VIGS vectors (pTRV1 and pTRV2) and construction procedures for their derivatives have been described (Liu et al., 2002; Chen et al., 2009). SlRAV2 and SlERF5 cDNA fragments (301 and 318 bp, respectively) were obtained by PCR using specific primers (RAV2-VIGS-F/RAV2-VIGS-R and ERF5-VIGS-F/ERF5-VIGS-R; Supplemental Table S2) and recombined into pTRV2 to generate pTRV2-RAV2 and pTRV2-ERF5. For the VIGS assay, pTRV1 and pTRV2 and its derivatives (pTRV2-RAV2 and pTRV2-ERF5) were introduced into Agrobacterium strain GV3101 by electroporation. BW-resistant tomato variety H7996 and BW-susceptible variety L390 were grown in pots at 24°C in a growth chamber under a 16-h-light/8-h-dark cycle. The TRV inoculation procedure was performed as described (Dinesh-Kumar et al., 2003). The efficiency of VIGS in TRV-only, TRV-ERF5-, and TRV-RAV2-silenced tomato leaves on day 15 post agroinfiltration was examined by semiquantitative RT-PCR using specific primers (ERF5-RT-F/ERF5-RT-R, RAV2-RT-F/RAV2-RT-R, and UBI3-F/UBI3-R). On day 10 post agroinfiltration, TRV-, TRV-ERF-, and TRV-RAV2-infiltrated tomato, including H7996 and AtCBF1 transgenic plants, were inoculated with Ralstonia (2 × 108 cfu mL−1) by root drenching. Five days later, 1-cm sections from the midstem and stem base of these Ralstonia-inoculated plants were weighed and ground, and then the bacterial density was measured by direct plating. A lower inoculum dose (5 × 105 cfu mL−1) was used for the L390 susceptible control. For the assay of each gene, 10 to 12 plants were used in each experiment, and three independent experiments were performed. Pairwise comparisons were made between wild-type (or TRV-infected plant in H7996) and silenced plants with Student’s t test.

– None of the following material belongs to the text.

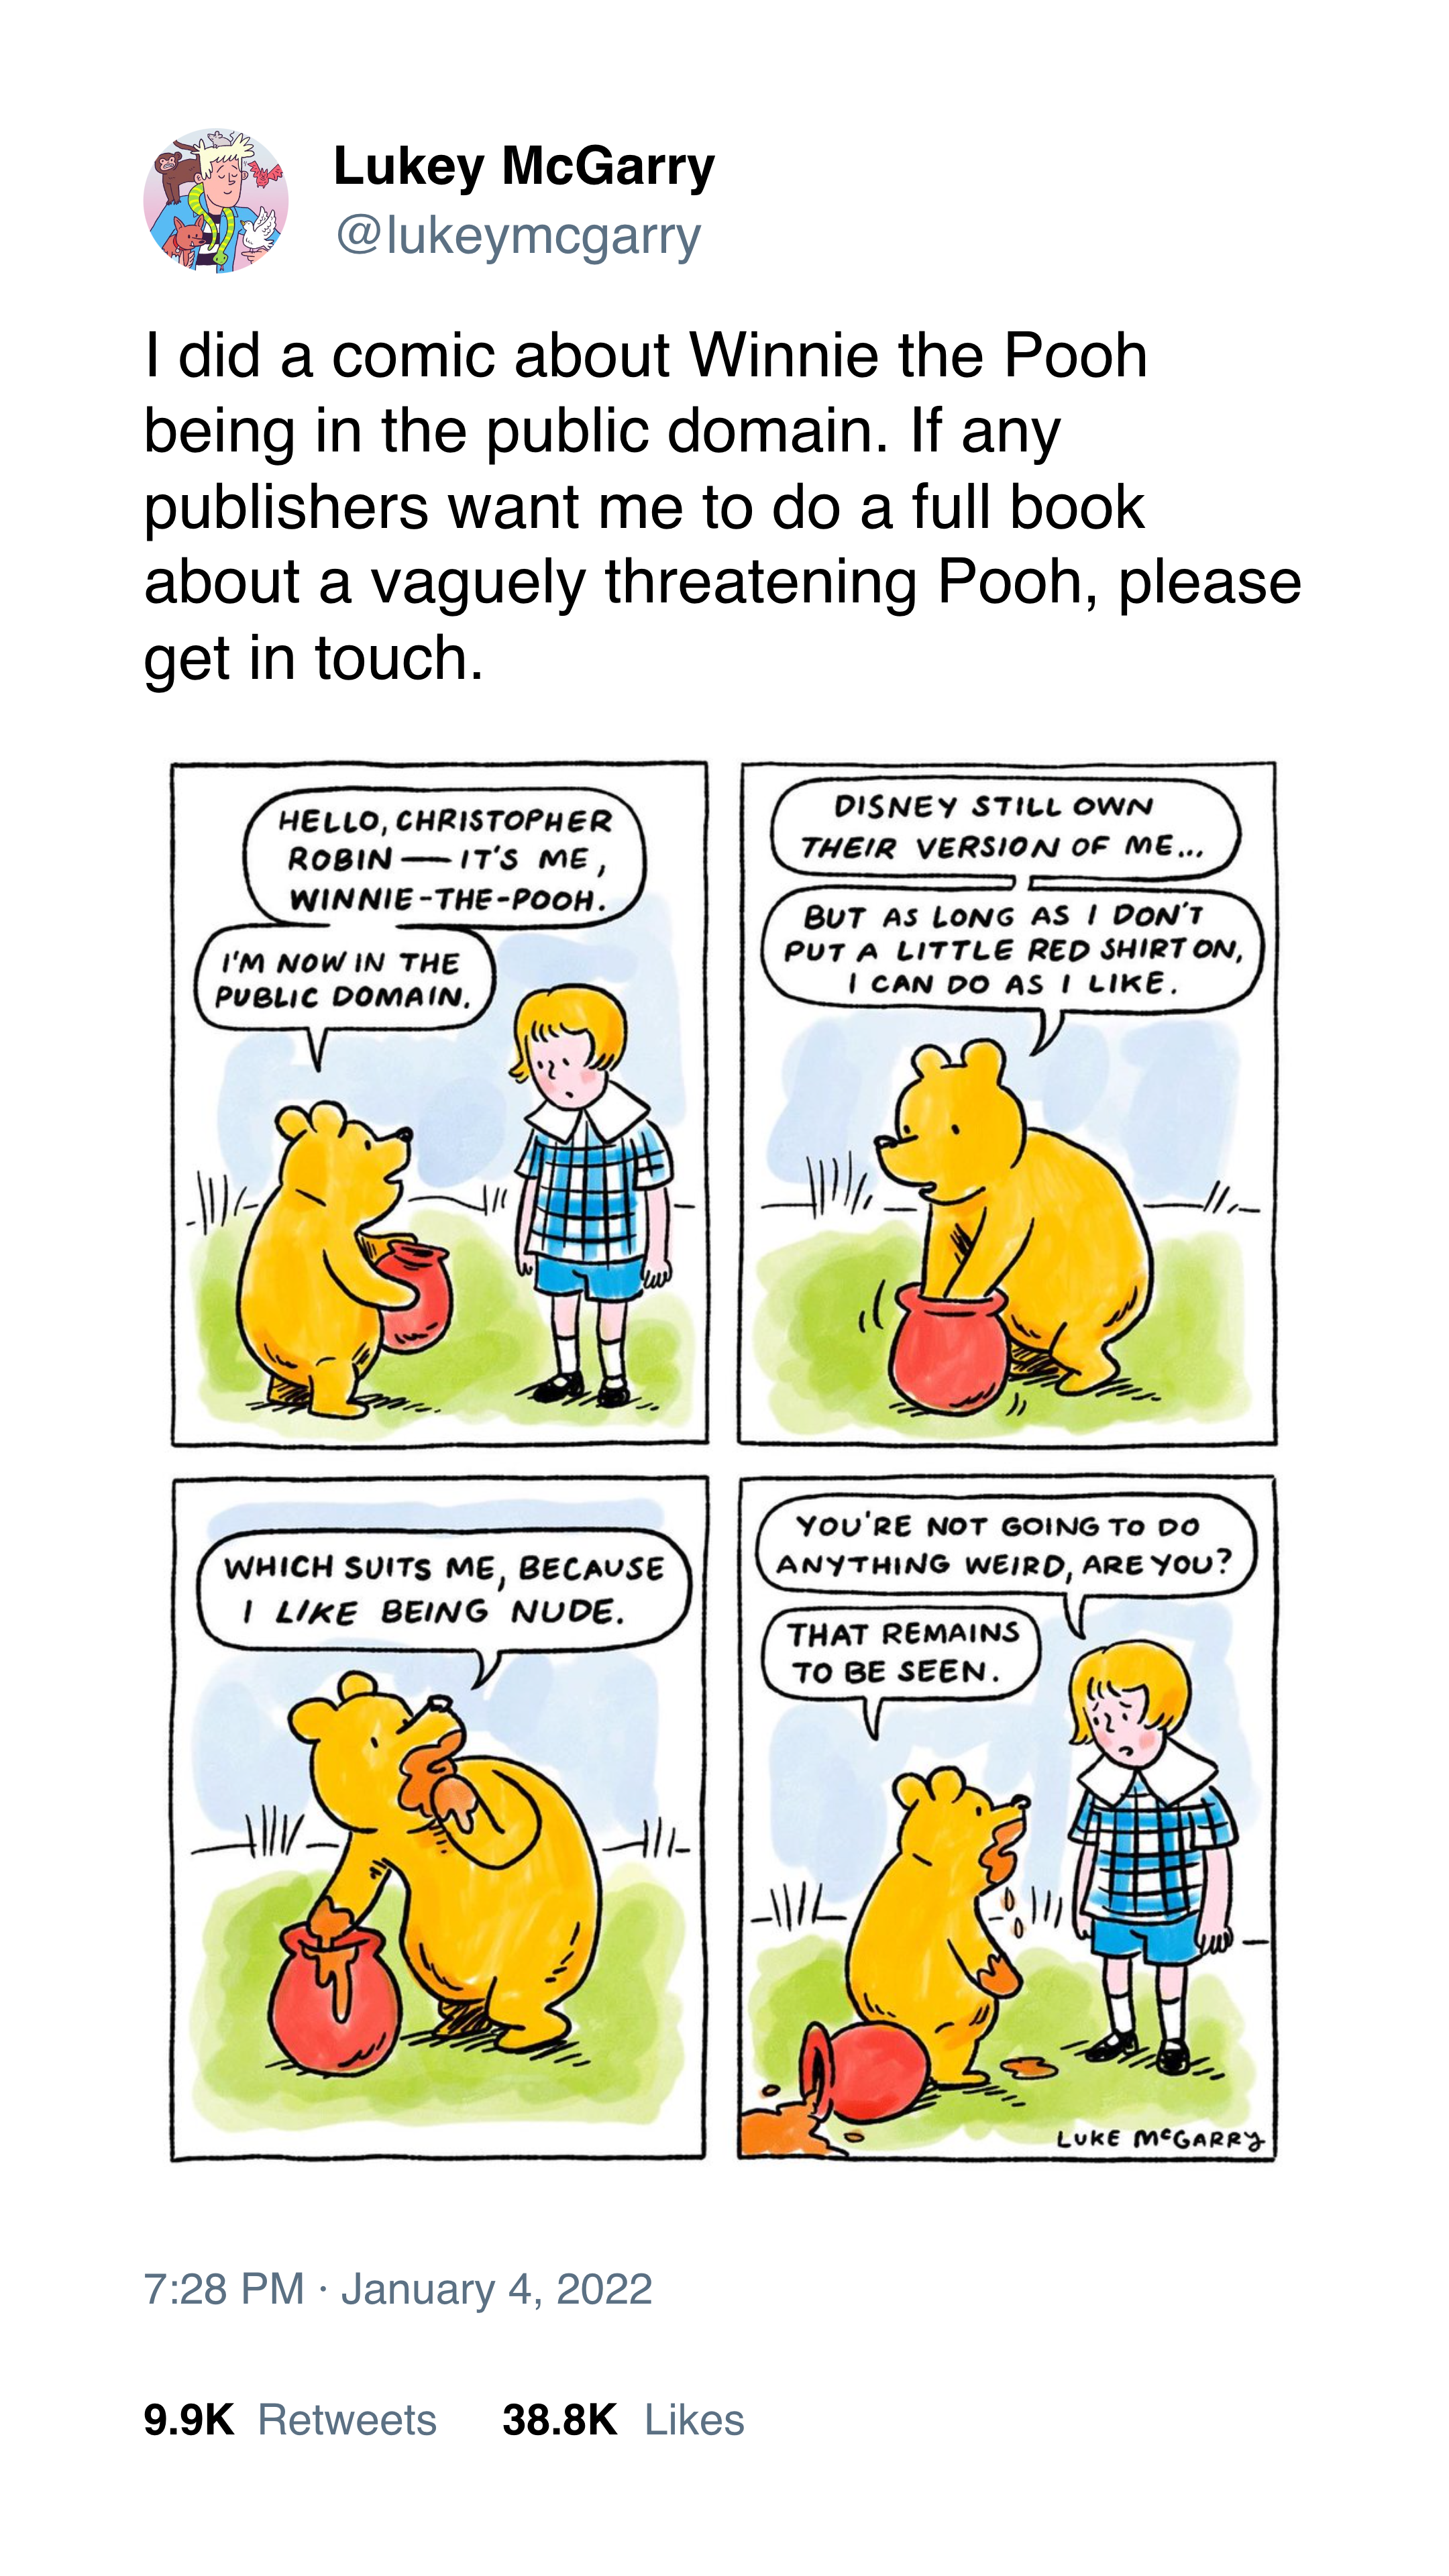 @lukeymcgarry on Twitter: "I did a comic about Winnie the Pooh being in the public domain. If any publishers want me to do a full book about a vaguely threatening Pooh, please get in touch." Comic is about Pooh not being able to wear a red shirt in non-Disney properties.

Gene accession numbers of all sequence data from this article can be found in “Materials and Methods” and Supplemental Tables S1 and S4.

Supplemental Data

The following materials are available in the online version of this article.

Acknowledgments

We thank AVRDC for technical assistance and providing biological materials. We thank Dr. Choun-Sea Lin (Agricultural Biotechnology Research Center, Academia Sinica [ABRC, AS]) and Ms. Fu-Hui Wu (ABRC, AS) for technical support in protoplast isolation and transfection as well as Ms. Chia-Hui Liao (Academia Sinica Biotechnology Center in Southern Taiwan) for tomato transformation. We thank Drs. Su-Chiung Fang (Academia Sinica Biotechnology Center in Southern Taiwan) and Heiko Kuhn (Editorial Office of ABRC, AS) for helpful discussions and manuscript editing.